現代ファンタジーと堕天使 ―俺の新しい人生は堕天使らしい―
黒薙神楽
第1話 プロローグ
それは、天使のような見た目をしていたのだろうと思える。見た目は全く違うが。
顔は大量の目隠しで雁字搦めにされ、口は牙と歯を象った今にも噛みつきそうな躍動感あるマスクで隠されている。
翼は三対六翼だが、翼の一つ一つに真っ黒な重々しい金属で覆われてしまっており自由に飛ぶことができなくなっている。
首元には奴隷が使うような、しかし禍々しさが前面に出ている首輪がつけられている。腕と足にも同様に禍々しさの塊の如き枷がつけられている。
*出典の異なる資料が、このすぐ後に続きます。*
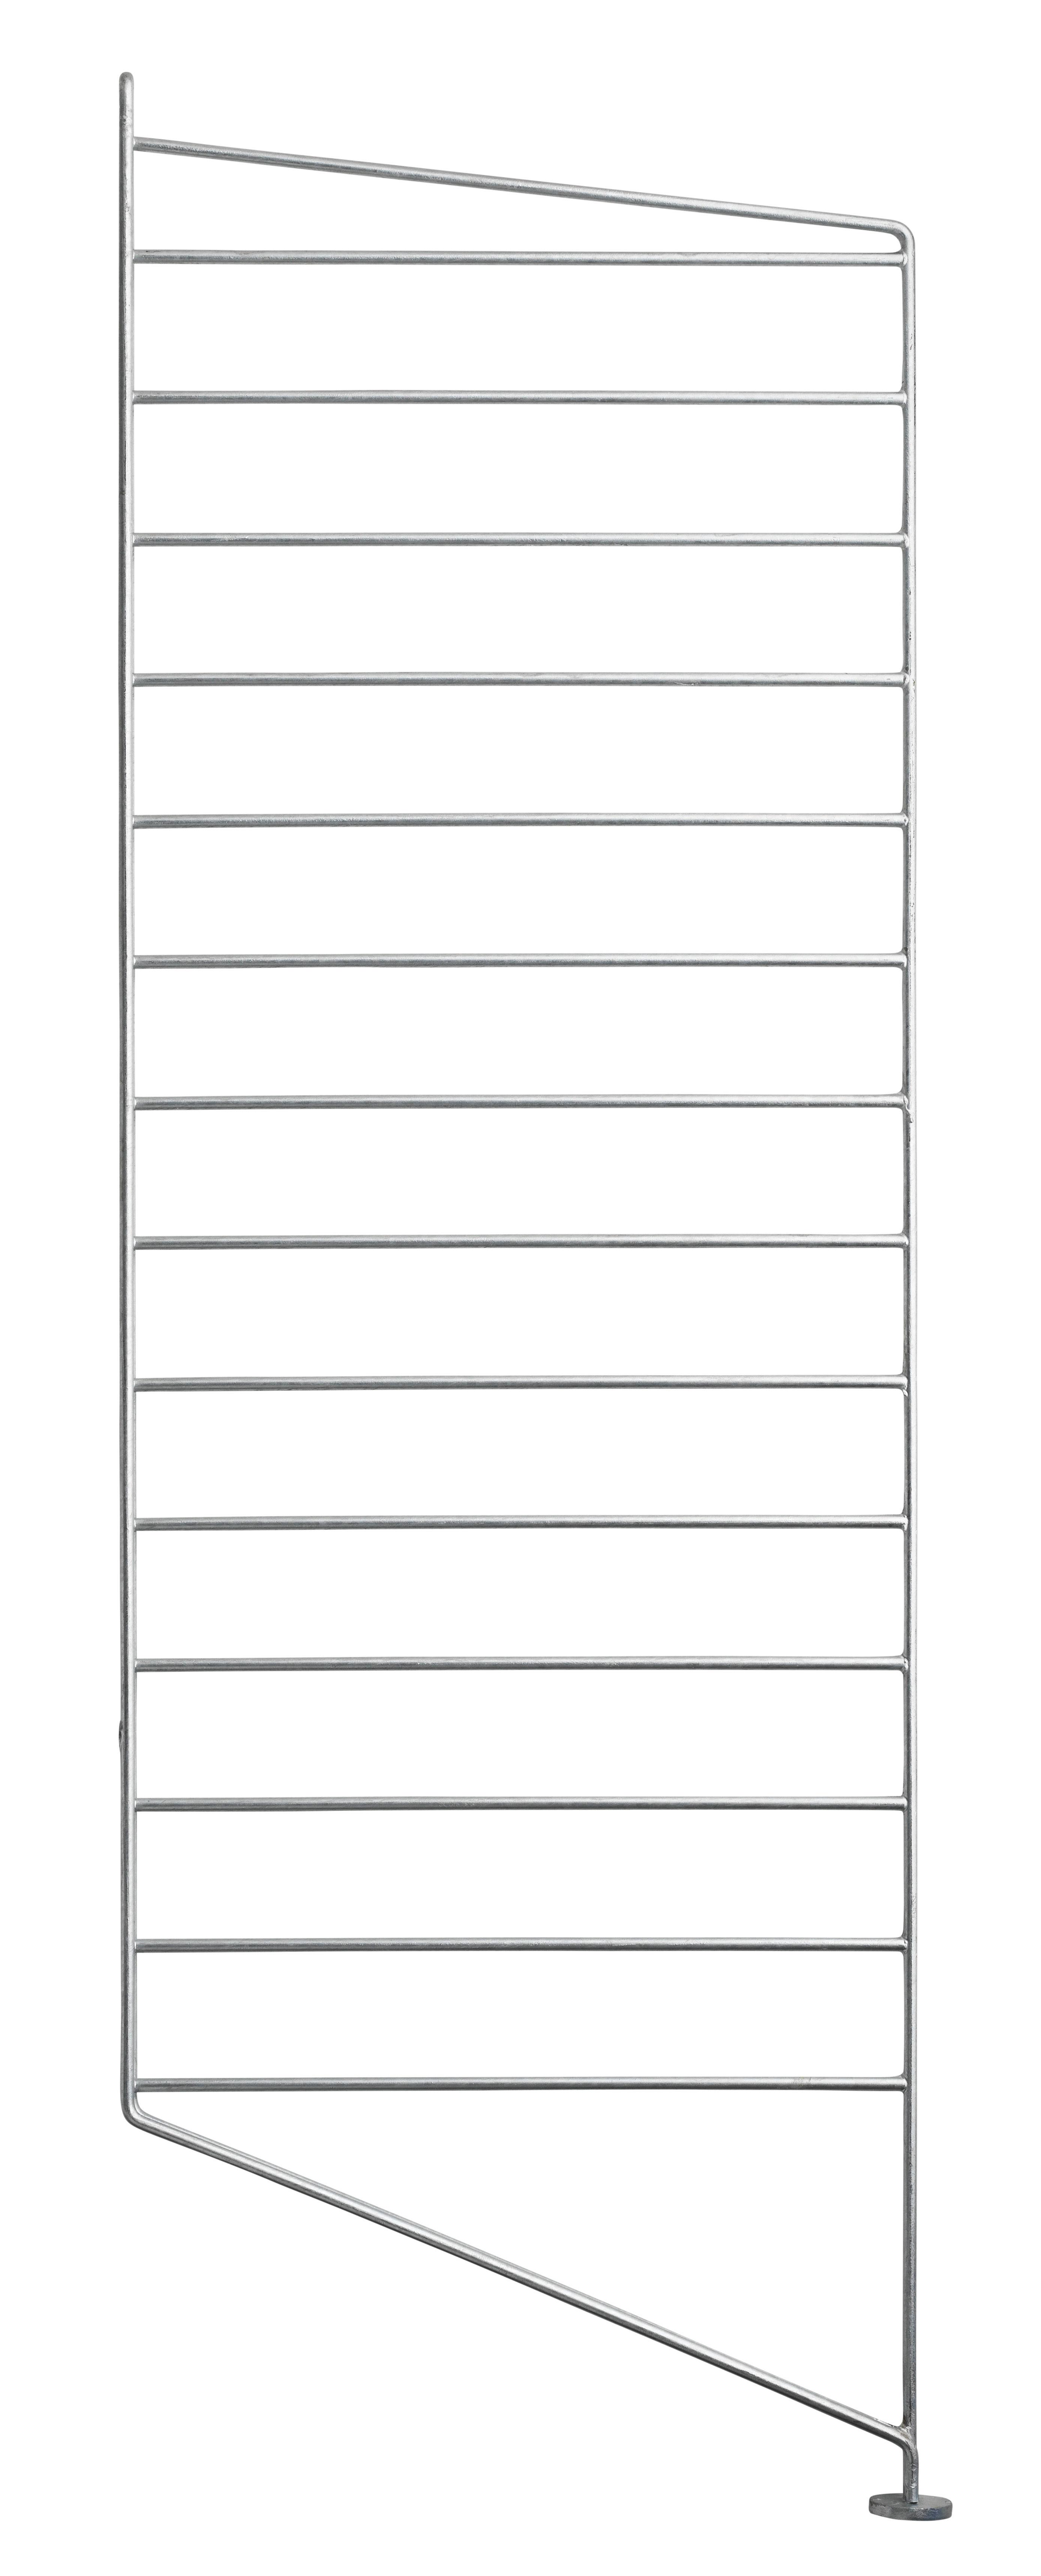 Furniture - Bookcases & Bookshelves - String Outdoor Floor mount - / Galvanised steel - H 85 x D 30 cm - individual unit by String Furniture - Single unit / Galvanised - Galvanized steel

首輪と枷には触れるどころか見るだけで呪われそうな程のおぞましい鎖が何処かから現れて繋がれている。
ガシャン!
ギリリィィ!!
ガンガンガンガン!!
鎖を引きちぎろうと天使のようなものは足掻いている。
翼を羽ばたかせようと天使のようなものは動かしては力尽きて止まっている。
どうしょうもなくなって天使のようなものはひたすらに荒れ狂い、暴れ回っている。
ああ、この天使の成れの果ては未だに生きようと足掻いて、藻掻いて、暴れ続けているのだ。なんと滑稽で、愚かで、馬鹿馬鹿しくて、笑えてくるのだろう。
同時に、これほど生に執着しているのが、狂おしいほど羨ましく、妬ましい。
だから…それに見入ってしまった誰かが天使のようなもの……天使の成れの果て――堕天使を解放してしまった。
「ガアアアアアアアアアアアアアア!!!」
己を封じ続けたこの世界に向けて叫んだ。
この日から世界に存在し、常に封印され監視されていたはずの世界を滅ぼさんとする最強にして最凶たる堕天使が…長き時に渡る封印から解き放たれた。
しかしだ、封印された時間が長すぎた。
いくら禁忌の獣であっても魂は劣化していく。
だが、肉体は封印され続けているため絶対に劣化しなかった。
すると世界に矛盾が起きる。その矛盾を世界は正そうとして、新たな魂を禁忌の獣の中に入れてしまう。
今、堕天使の魂として存在しているのは「叢雲 燐」と言う男の魂だった。
しかし、叢雲 燐は異世界の人間であり、死んだ時に都合良く居たために無理矢理に堕天使に入れられてしまったのだ。
勿論それを神は見ていた。世界に直接手は出せずとも、死した魂であれば手を加えられる。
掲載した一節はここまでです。